Deyo R A, Diehr P, Patrick D L
Department of Medicine, University of Washington, Seattle.
Control Clin Trials. 1991 Aug;12(4 Suppl):142S-158S. doi: 10.1016/s0197-2456(05)80019-4.
Before being introduced to wide use, health status instruments should be evaluated for reliability and validity. Increasingly, they are also tested for responsiveness to important clinical changes. Although standards exist for assessing these properties, confusion and inconsistency arise because multiple statistics are used for the same property; controversy exists over how to measure responsiveness; many statistics are unavailable on common software programs; strategies for measuring these properties vary; and it is often unclear how to define a clinically important change in patient status. Using data from a clinical trial of therapy for back pain, we demonstrate the calculation of several statistics for measuring reproducibility and responsiveness, and demonstrate relationships among them. Simple computational guides for several statistics are provided. We conclude that reproducibility should generally be quantified with the intraclass correlation coefficient rather than the more common Pearson r. Assessing reproducibility by retest at one-to-two week intervals (rather than a shorter interval) may result in more realistic estimates of the variability to be observed among control subjects in a longitudinal study. Instrument responsiveness should be quantified using indicators of effect size, a modified effect size statistic proposed by Guyatt, or the use of receiver operating characteristic (ROC) curves to describe how well various score changes can distinguish improved from unimproved patients.
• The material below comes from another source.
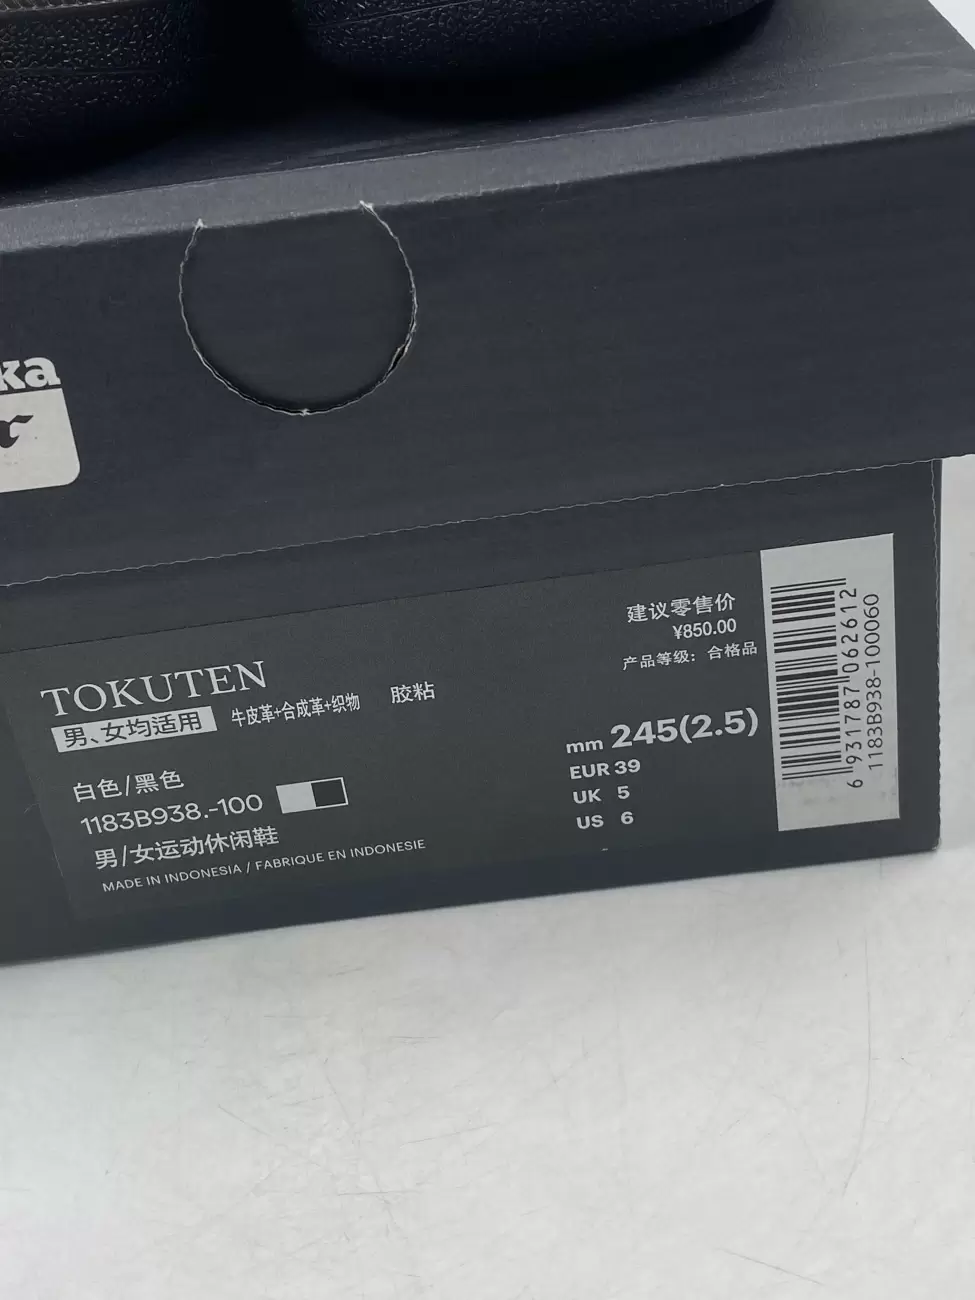 44586 - Onitsuka Tiger Tokuten White Black Gold | Item Details ...
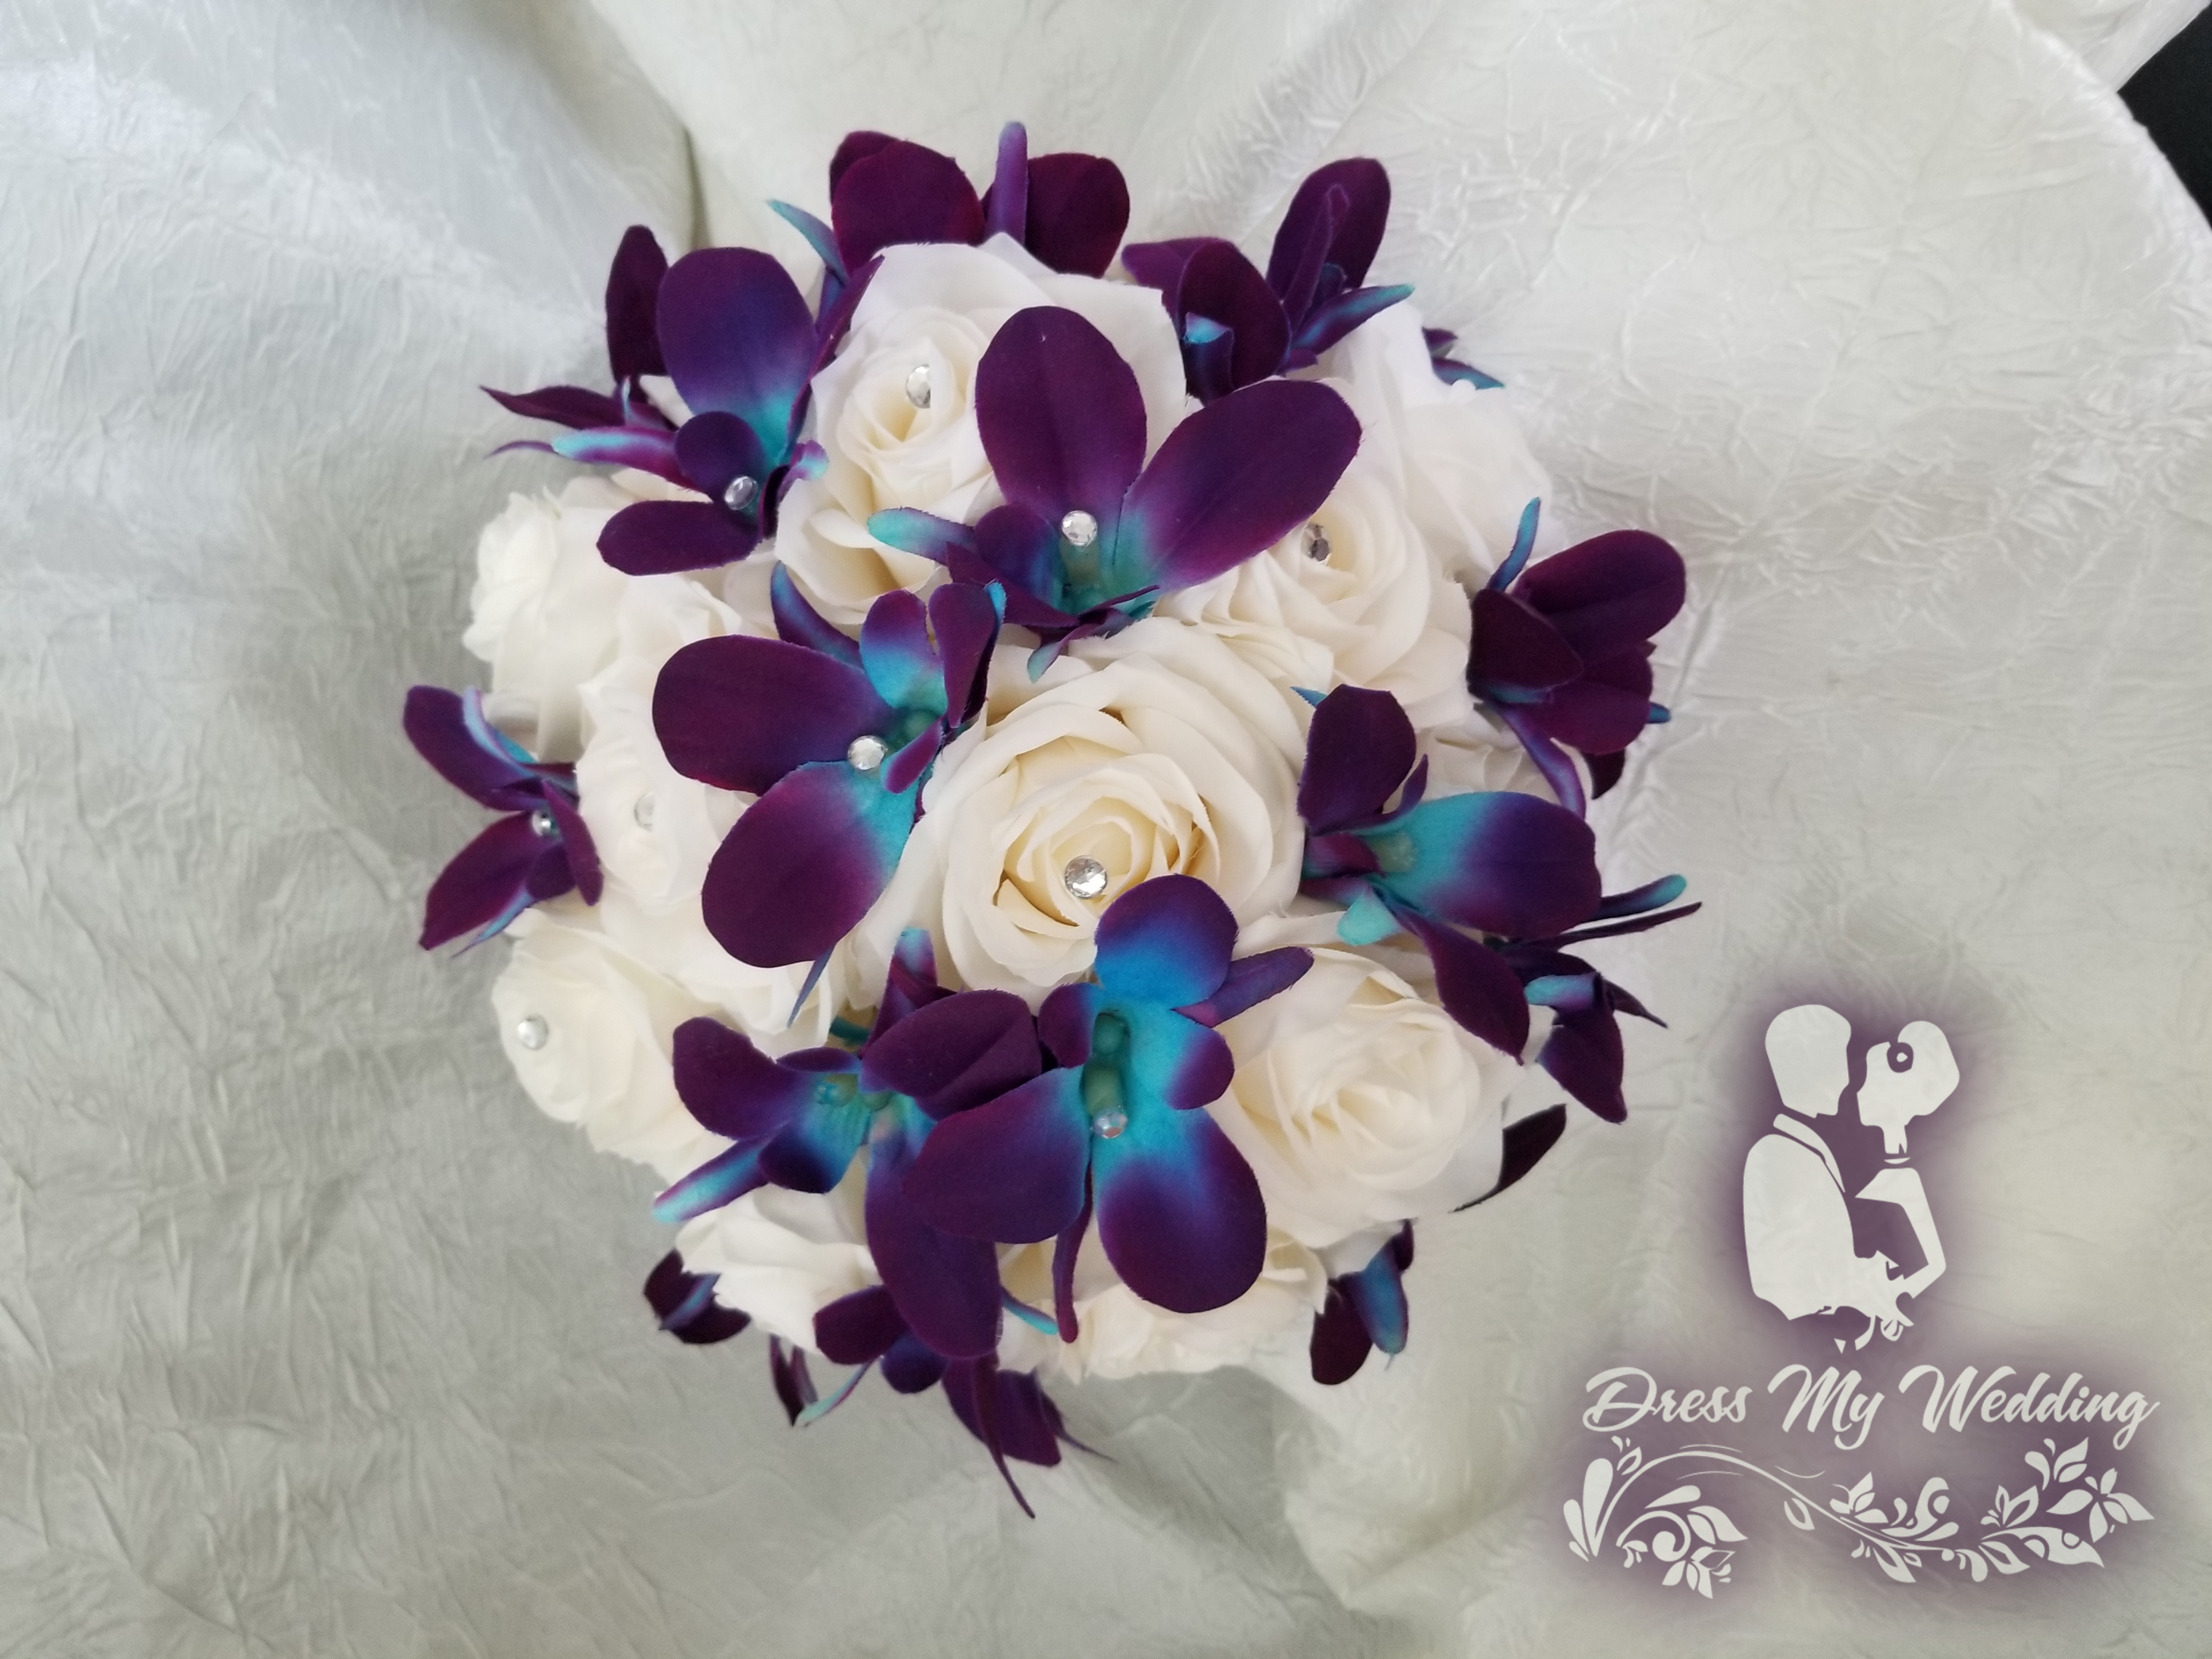 Details about   Wedding Flowers Bouquet Buttonholes Brides Shower Bridesmaids Posy Orchid & Rose

在被广泛应用之前,健康状况评估工具应进行可靠性和有效性评估。越来越多的工具还会接受对重要临床变化的反应性测试。尽管存在评估这些特性的标准,但由于对同一特性使用了多种统计方法,导致出现了混淆和不一致的情况;对于如何衡量反应性存在争议;许多统计方法在常见软件程序中无法获取;测量这些特性的策略各不相同;而且通常不清楚如何定义患者状况的临床重要变化。利用一项背痛治疗临床试验的数据,我们展示了几种用于测量可重复性和反应性的统计方法的计算过程,并展示了它们之间的关系。还提供了几种统计方法的简单计算指南。我们得出结论,一般应以组内相关系数而非更常用的皮尔逊r来量化可重复性。在一到两周的间隔时间(而非更短间隔)进行重测来评估可重复性,可能会在纵向研究中对对照组受试者中观察到的变异性得出更现实的估计。工具的反应性应以效应量指标、盖亚特提出的修正效应量统计量或使用受试者工作特征(ROC)曲线来量化,以描述各种分数变化能多好地区分改善和未改善的患者。